I currently have the following code:

for filename in *.html; gcsplit -z -f "${filename%.*}_" --suffix-format="%d.html" $filename /'Page (1'/ '{*}'

But this is creating a page1_3.html containing the following text:

<p>THE<em><strong><span class="underline">GHI</span></strong></em>JK <em><strong><span class="underline">the</span></strong></em>LMNOP<em><strong><span class="underline">Q</span></strong></em>RS.<p> ABC, Page (1).</p>

But when I run this:

for filename in *.html; gcsplit -z -f "${filename%.*}_" --suffix-format="%d.html" $filename /'^.{0,10}, Page \(1.{0,10}\).\<\/p\>'/ '{*}'

This just outputs the file page1_0.html.

What is the issue with my regex? Are there any alternative ways to achieve what I'm trying to do?

2

There are 2 answers

4
lordadmira On

You could do it with this short Perl script.

#chunker.pl
use 5.022;
use strict;
use diagnostics;
use B "perlstring";

our $i = 0;
our $fmt = "page1_%d.html";
our $fn = sprintf $fmt, $i;

open our $fh, ">", $fn or die $!;
print "opened $fn\n";
while (<<>>) {
  printf "read line $.: %s\n", perlstring $_;
  if (m{^.{0,10}?, Page \(1 [^)]{0,10}?\)\.</p>}) {
    print "break matched line $.\n";
    $fn = sprintf $fmt, ++$i;
    open $fh, ">", $fn or die $!;
    print "opened $fn\n";
  }
  print $fh $_;
}

Prints:

$ perl chunker.pl page1.html

opened page1_0.html
read line 1: "<strong>Hello world</strong>\n"
read line 2: "\n"
read line 3: "<p>ABC, Page (1 whatever).</p>\n"
break matched line 3
opened page1_1.html
read line 4: "<p>Some text</p>\n"
read line 5: "\n"
read line 6: "<p>DEF, Page (1 ummm what).</p>\n"
break matched line 6
opened page1_2.html
read line 7: "<p>Some text</p>\n"
read line 8: "\n"
read line 9: "<p>THE<em><strong><span class=\"underline\">GHI</span></strong></em>JK <em><strong><span class=\"underline\">the</span></strong></em>LMNOP<em><strong><span class=\"underline\">Q</span></strong></em>RS.<p> ABC, Page (1).</p>\n"
read line 10: "\n"
read line 11: "\n"



$ for f in page1_*.html; do echo "$f:"; cat $f; echo; done;
page1_0.html:
<strong>Hello world</strong>


page1_1.html:
<p>ABC, Page (1 whatever).</p>
<p>Some text</p>


page1_2.html:
<p>DEF, Page (1 ummm what).</p>
<p>Some text</p>

<p>THE<em><strong><span class="underline">GHI</span></strong></em>JK <em><strong><span class="underline">the</span></strong></em>LMNOP<em><strong><span class="underline">Q</span></strong></em>RS.<p> ABC, Page (1).</p>


I think the problem with your regex was that you needed non-greedy matching.

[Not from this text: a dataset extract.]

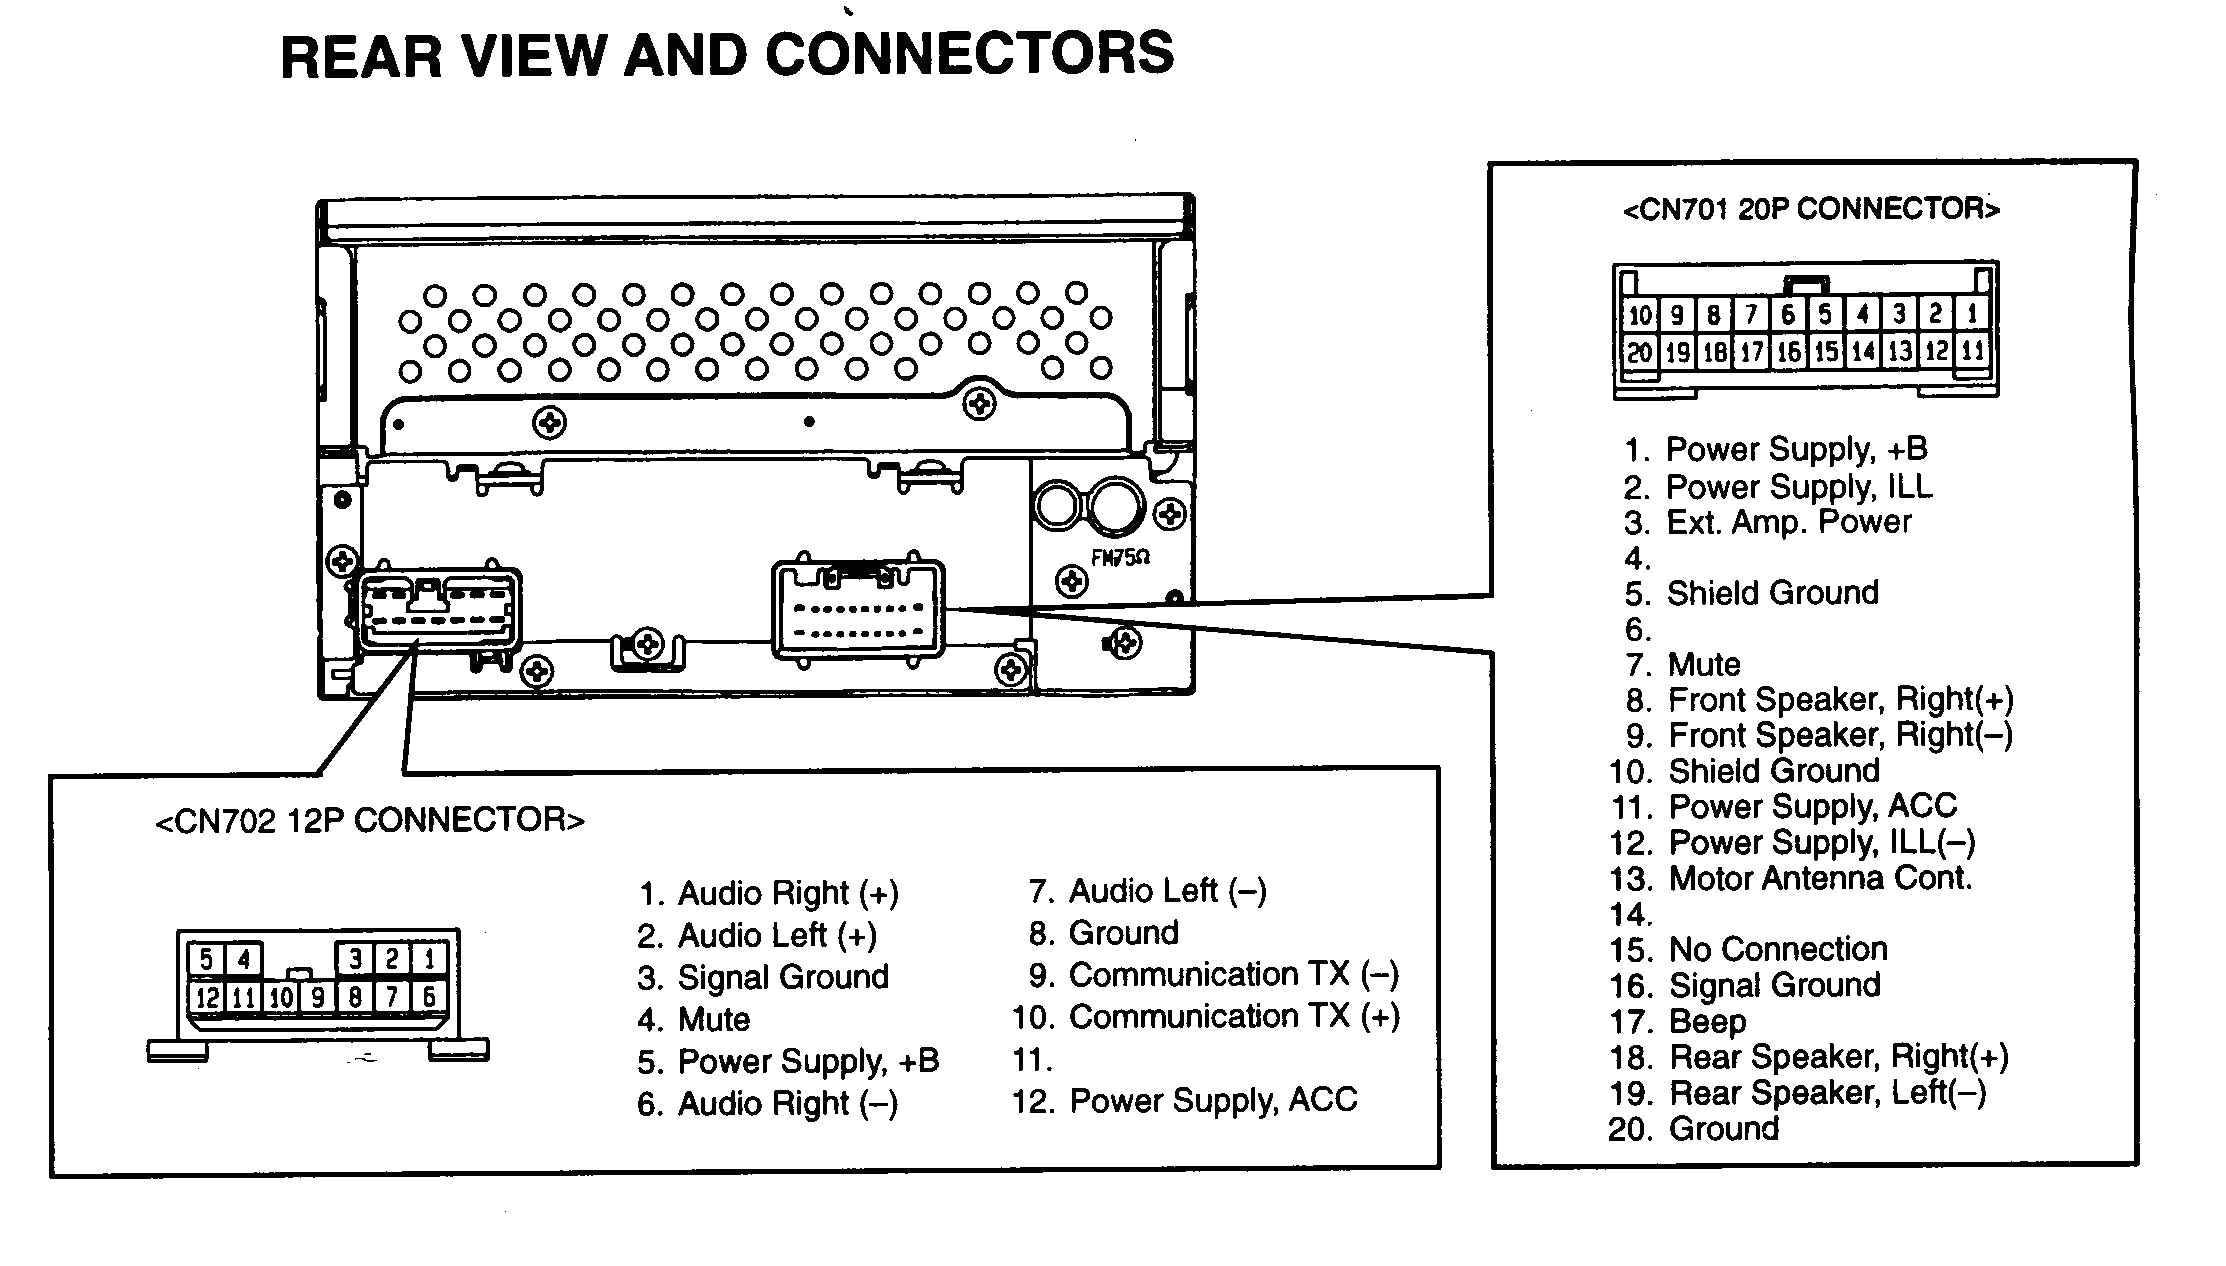 toyota 37204 wiring diagram wiring diagram featured 1 8 stereo wiring diagram wiring diagram toyota 37204

.{0,10}? zero to ten minimally
, Page \(1
[^)]{0,10}? zero to ten non closing parenthesis minimally
\)\.</p> then the closing

HTH

3
AudioBubble On

^.{0,10}, Page \(1.{0,10}\).\<\/p\>

What is the issue with my regex?

It's not a POSIX BRE. Try ^.\{0,10\}, Page (1.\{0,10\}).<\/p>.

The / is \/ only because it is to be used as a /REGEXP/[offset] argument for the csplit tool. You may want to change that last . to \. to match your dot character.